Marcelo Figueras
Caida la noche sobre Esslingen, Alemania, me quedo en mi habitación de hotel leyendo los primeros cuatro volúmenes del Tarzán dibujado por Harlod Foster entre 1931 y 1935.
Ha sido un buen día. Por la mañana, una lectura en público de La batalla del calentamiento (Das Lied von Leben und Tod, aquí) y una conversación con Sabine Giesberg, traductora del volumen. La preciosa sala de la librería LesArts -se escribe así en efecto, todo junto- está a tope, lo que ayuda a que uno se sienta más rock star que escritor. La gente es amabilísima, y la música de un grupo alemán llamado Tango Five nos levanta a todos los espíritus. Al final, mientras firmo libros me corto con el papel y mancho un ejemplar con sangre. Lejos de ofenderse, la dueña del libro regresa a los pocos minutos con una curita que ha conseguido para mí. Así es toda la gente aquí: amabilísima.

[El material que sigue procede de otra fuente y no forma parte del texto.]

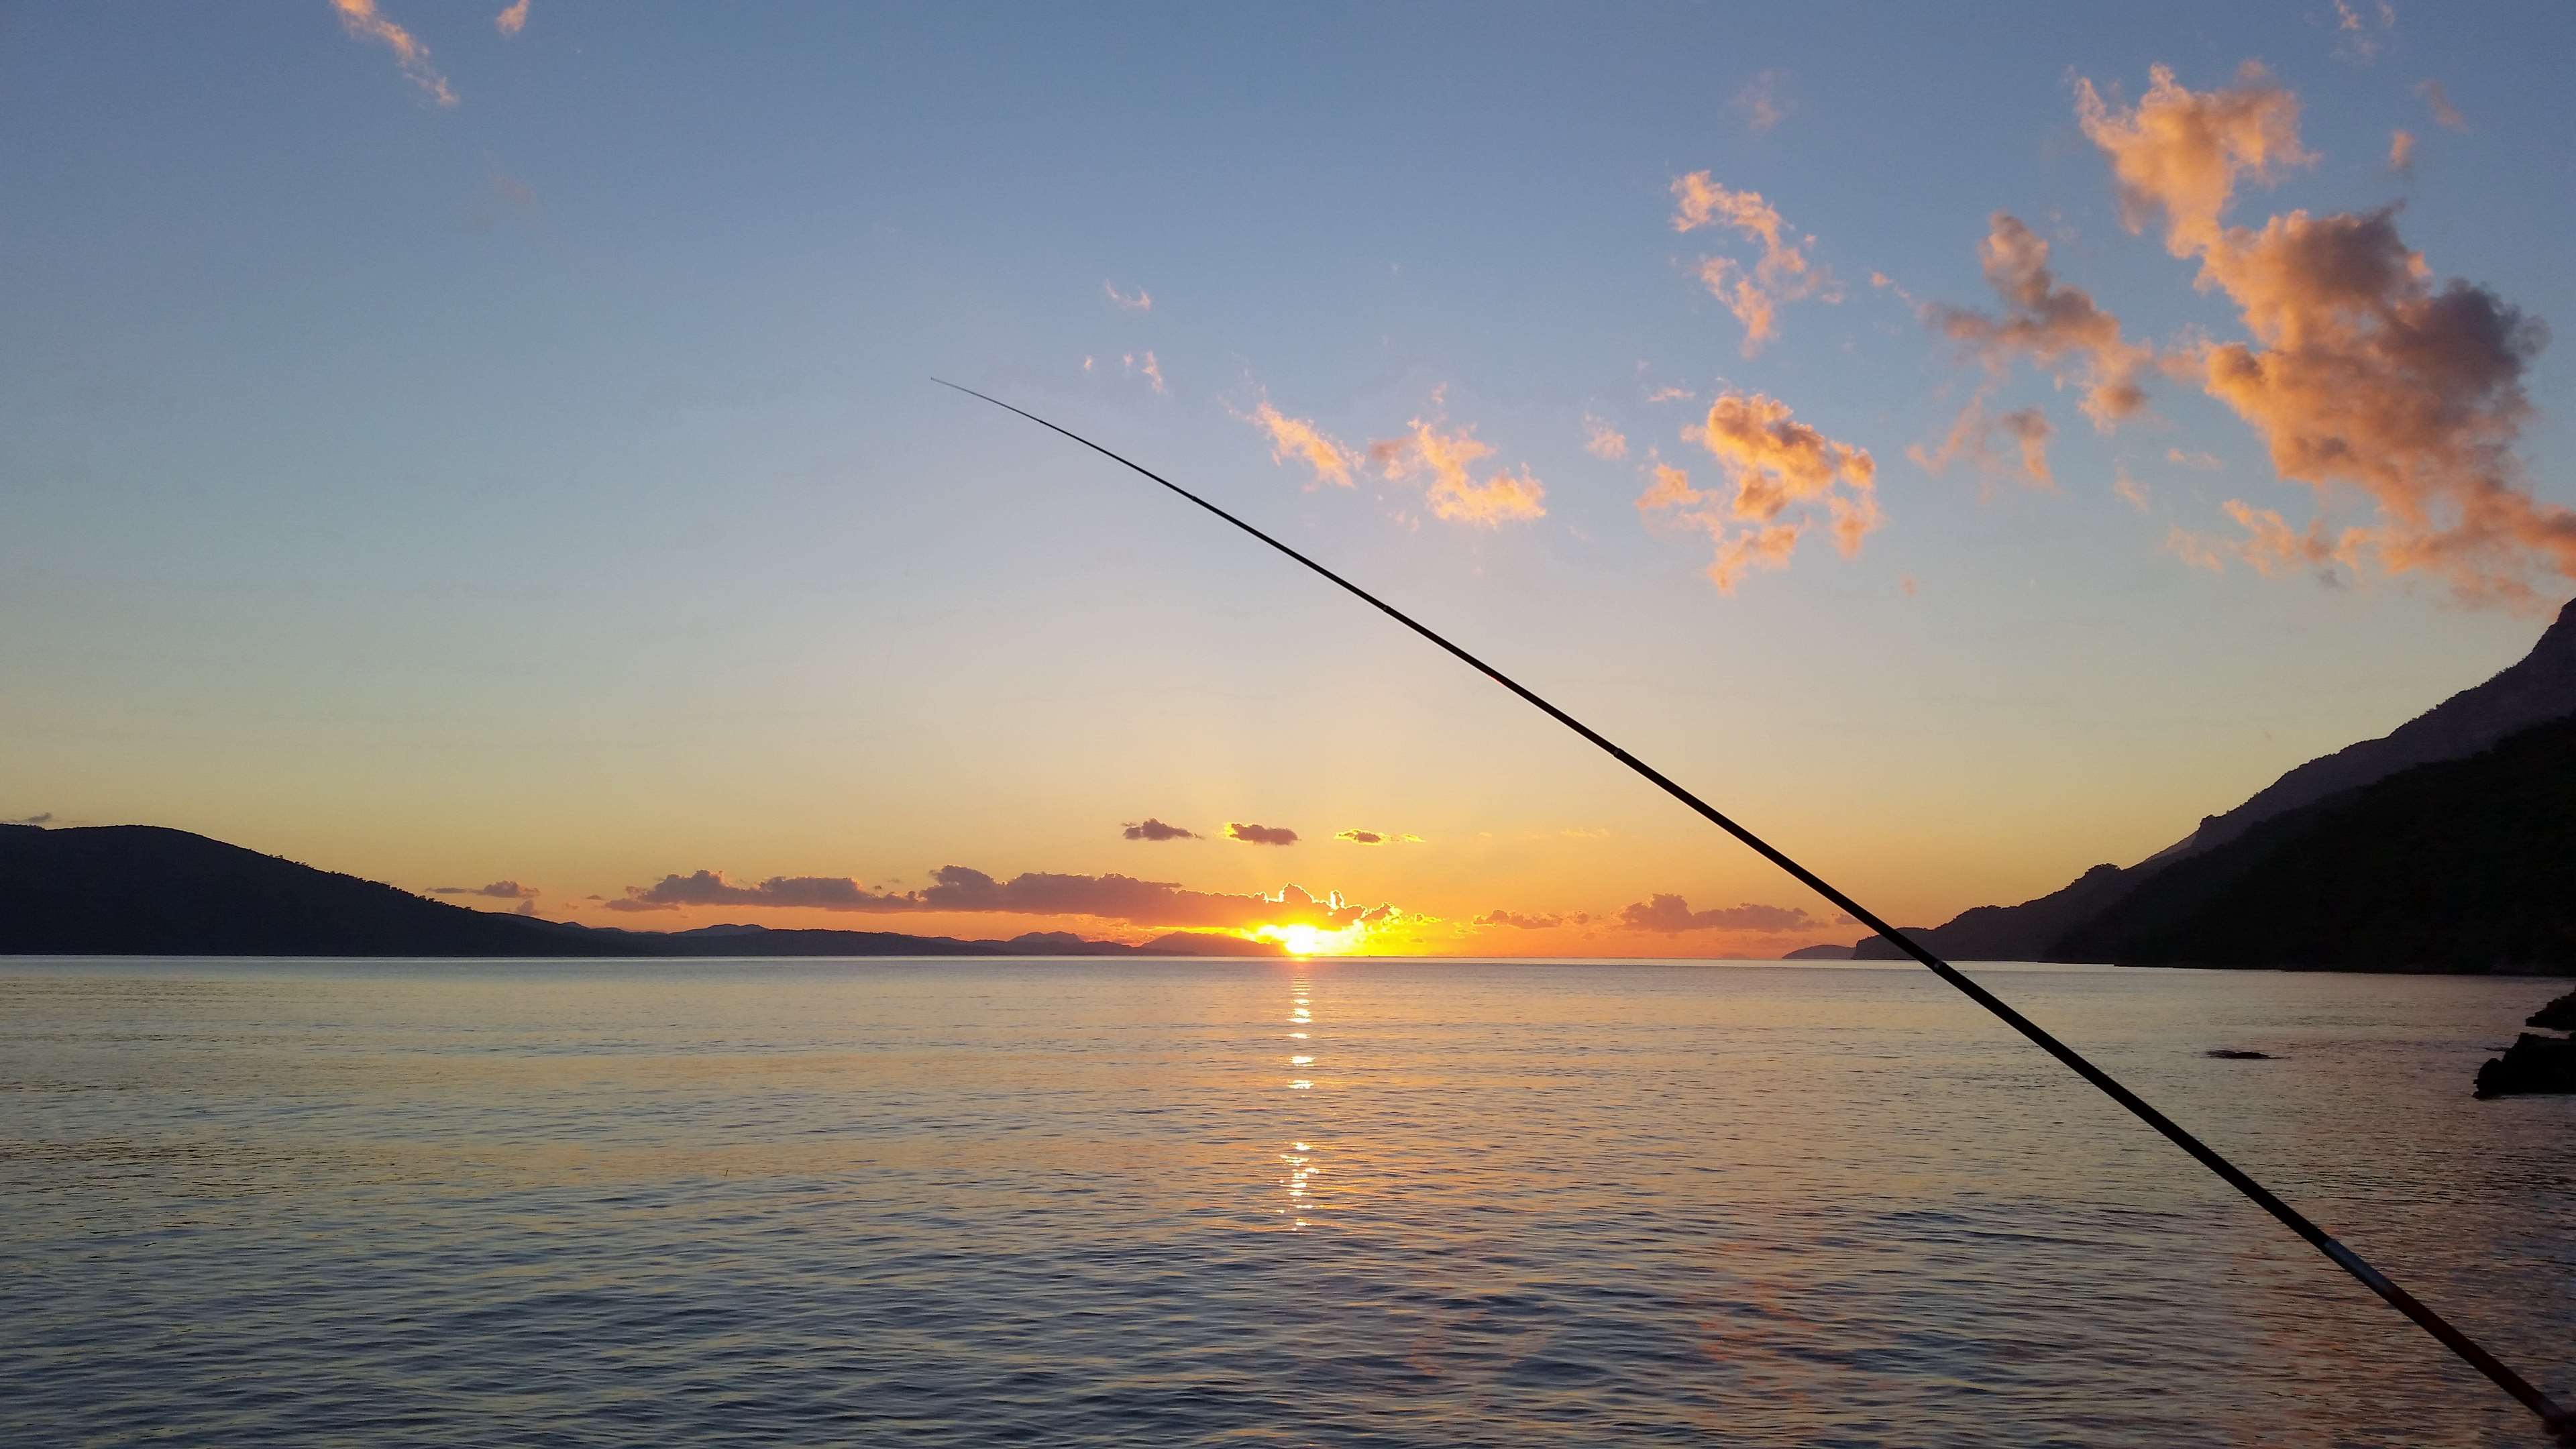 3840x2160 afternoon, bay, fishing, lake, peaceful, shore, sunset, water 4k wallpaper JPG 471 kB. Mocah.org HD Desktop Wallpaper

Esslingen am Neckar -o sea, sobre el río Neckar- es una ciudad de muñecas. A diferencia de la vecina Stuttgart, que ya ha comienzo del siglo pasado se destacaba por su perfil industrial, logró sobrevivir intacta a la lluvia de bombas. Por lo demás, los vecinos se han preocupado por mantener en forma a los bellos edificios que en el resto del mundo imaginamos alpinos. En el centro de su Markplatz sigue brillando su reloj astronómico , como lo ha hecho desde 1591; y por encima suyo un glockenspiel suena varias veces al día.
Siempre fui fan de Tarzán, desde muy pequeño. Me gustaban más los libros originales de Edgar Rice Burroughs que las películas (hoy las detesto a todas por igual, no hay una sola, ni siquiera Greystoke, que esté a la altura del original) y por supuesto las adaptaciones a historieta: Foster el primero, pero también Burne Hogarth y Russ Manning, cuyos dibujos compraba cada quincena en revistas mexicanas editadas por Novaro. Encontrar esta edición en Madrid fue una suerte. Pero esta noche, al comenzar la lectura, temo que no me sea posible el regreso al disfrute de la infancia con que contaba. La historia del primer volumen es errática, Foster persiste en ese extraño ‘traje’ que su predecesor Rex Maxon y el actor Elmo Lincoln le atribuyeron a Tarzán, una suerte de malla enteriza de leopardo con un único bretel -ridícula. Para colmo, por lealtad a su amigo el francés D’Arnot, Tarzán salva a un fuerte colonial francés del ataque de los locales. ¡Tarzán imperialista! El mundo y la experiencia me están complicando el goce de la aventura…
Por fortuna enseguida Tarzán ataca un barco esclavista y libera a los prisioneros, lo cual me reconcilia con su noción de la política. Y de inmediato se hace obvio que Foster empieza a tomarse en serio el asunto. Los dibujos mejoran y los argumentos también, Tarzán pierde la malla enteriza y gana su taparrabos de rigor. Siguiendo la línea más fantástica del original de Burroughs, que mete a Tarzán en recodos de Africa que atesoran dinosaurios y civilizaciones perdidas, el Hombre Mono lidia con un pueblo que conserva las tradiciones de los egipcios imperiales y después con un enclave vikingo. Es absurdo, pero no me importa. Lo he logrado. ¡Tengo diez años otra vez!
Las callejas de piedra están desiertas en Esslingen. La CNN dice en un titular que han hallado una canción perdida de Los Beatles.
¿Cuánto más feliz puedo ser, en la ausencia de mis seres queridos?